Была прежняя одержимость враждой к Наполеону чисто личного свойства. [190]
* * *
Одну из причин этой вражды подметил великий князь Николай Михайлович в своем труде об Александре I. Бонапарт, еще в бытность свою Первым Консулом, затронул самую чувствительную рану Александра – напомнил ему отцеубийство, каковое напоминание никогда ему не было прощено. Такое соображение очень важно иметь в виду, но вряд ли оно объясняет всю силу страсти, с которой царь добивался уничтожения противника. Ему и собственные подданные, вроде Яшвиля, делали такие напоминания, но ничему, кроме простой опалы не подвергались.
Вражда его к Наполеону – род ревности к чужой славе, встречающийся в шекспировских драмах – что-то вроде соперничества Тулла Ауфвидия с Кориоланом или принца Генриха с сэром Перси Хотспер.
Я принц Уэльский; и не думай, Гарри, Что впредь со мной делить ты будешь славу: Двум звездам не блистать в одной орбите, И принц Уэльский вместе с Гарри Перси Не могут властвовать в одной стране.
Американская и французская революции открыли эру честолюбцев. Старый абсолютизм Бурбонов, Габсбургов, Романовых свободен был от этого новомодного греха. Монархи так высоко стояли над народом, что воздававшиеся им почести рассматривались как должное, да и приносились не в воздаяние их личных заслуг и талантов, а в знак преклонения перед помазанничеством Божиим. Государям и в мысль не приходило добиваться «популярности» у своих подданных. Что же до генералов и министров, то они заботились о монаршей милости, а не о любви народной. Только революционная эпоха, выведшая массы на сцену, поставила проблему популярности и породила культ героев. Двадцатидвухлетние генералы стали бить седовласых фельдмаршалов, военными громами начали повелевать не графы и герцоги, а бывшие конюхи. Разом упали в цене чины, титулы, пышные звания, уступив место таланту и дарованию. Появились никому прежде не ведомые Вашингтоны, Мирабо, Робеспьеры, Бонапарты, [191] чьим украшением стала не грудь, увешанная орденами, а собственный гений. С тех пор не знаки отличия, а гул молвы, овации и рукоплескания сделались мечтой всех честолюбцев. Ослепительный восход звезды Наполеона породил их в невиданном количестве. Юношество всех стран бредило карьерой чудесного корсиканца, и в этой толпе были не одни безвестные Жюльены Сорели. Император всероссийский Александр Павлович смело может быть отнесен к их числу. Он тоже был захвачен величественной эпопеей нового Цезаря и жаждой такой же славы, такого же блеска, в котором выступал перед всем миром Наполеон. Соперничество и соревнование были истинной причиной его неприязни. Эту тайну своего сердца выдал он в день вступления в Париж, когда он, как ему казалось, сравнялся наконец в славе с Наполеоном. «Ну что, Алексей Петрович, скажут теперь в Петербурге? – обратился он к Ермолову. – Ведь, право, было время, когда у нас, величая Наполеона, меня считали за простачка».

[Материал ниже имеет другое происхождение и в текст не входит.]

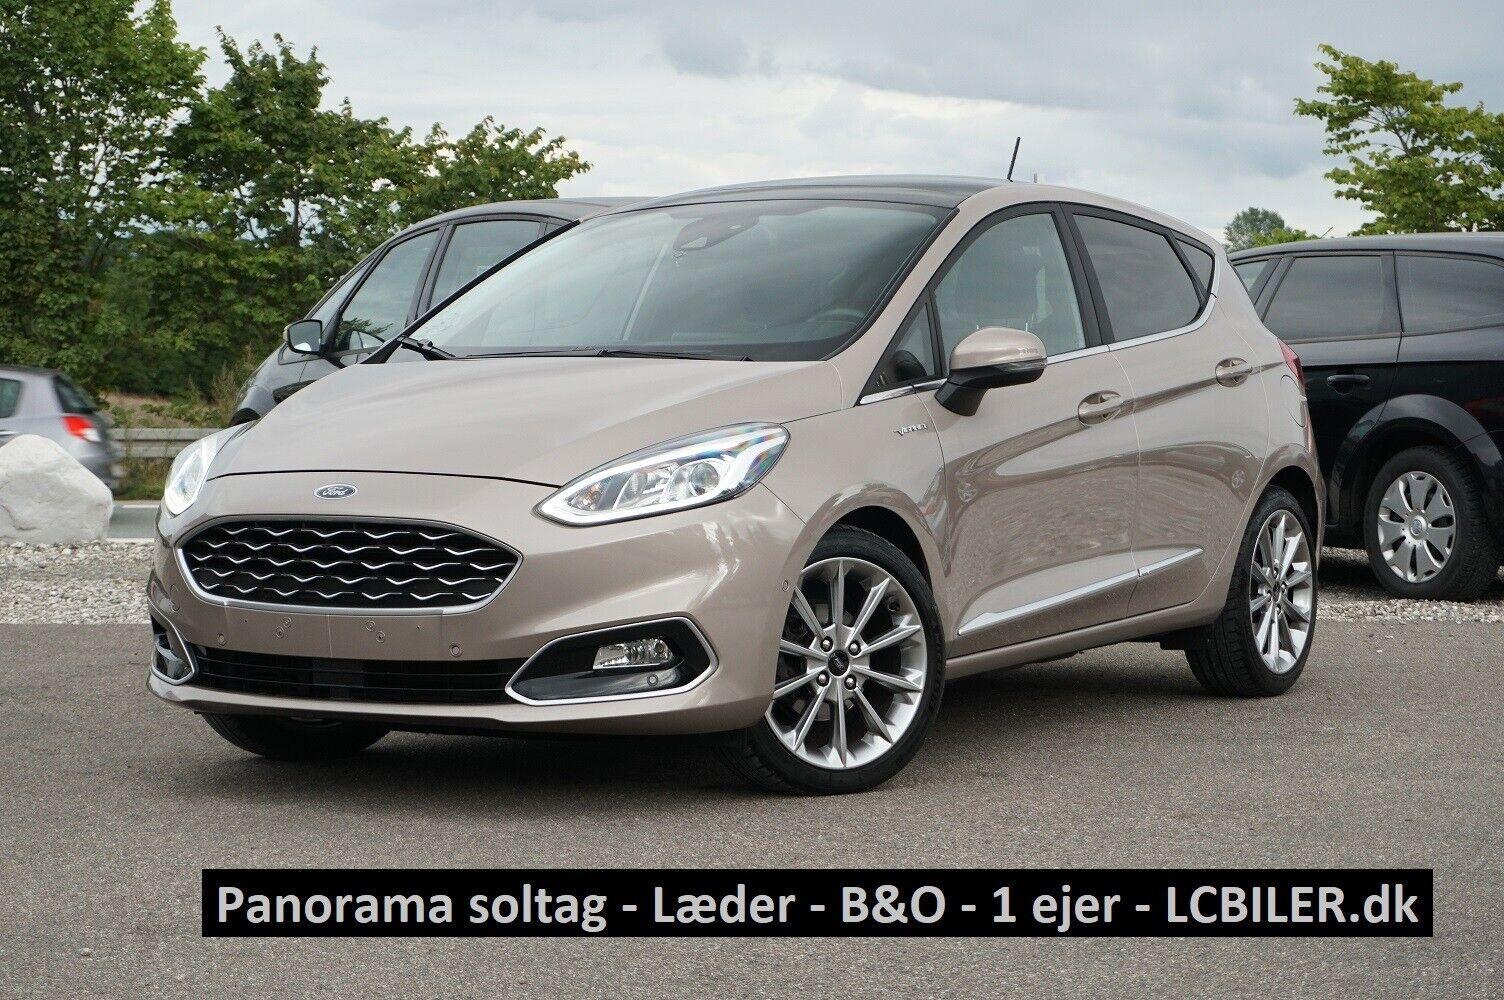 Ford Fiesta 1,0 EcoBoost Vignale 5d - 179.990 kr.

Кокетничая скромностью и смирением, Александр, на самом деле, никому не прощал непризнания за ним выдающихся качеств. Сестре своей Екатерине Павловне он писал из Эрфурта в 1808 году: «Бонапарт воображает, что я не что иное, как дурак. Смеется тот, кто смеется последний».
* * *
Для повелителя необъятной империи с населением в 36 миллионов человек существовало много способов прославиться без войны, без участия в европейских распрях. Кольбер снискал мировую известность одним только поднятием финансовой и экономической мощи Франции. Ришелье, также, велик стал во всем мире единственно тем, что создал в своем отечестве сильную монархию. Но у Александра не было своего дела, особенно в России. Как все тщеславные люди, он думал не о деле, а о почестях и, как все тщеславные, не любил чужих подвигов.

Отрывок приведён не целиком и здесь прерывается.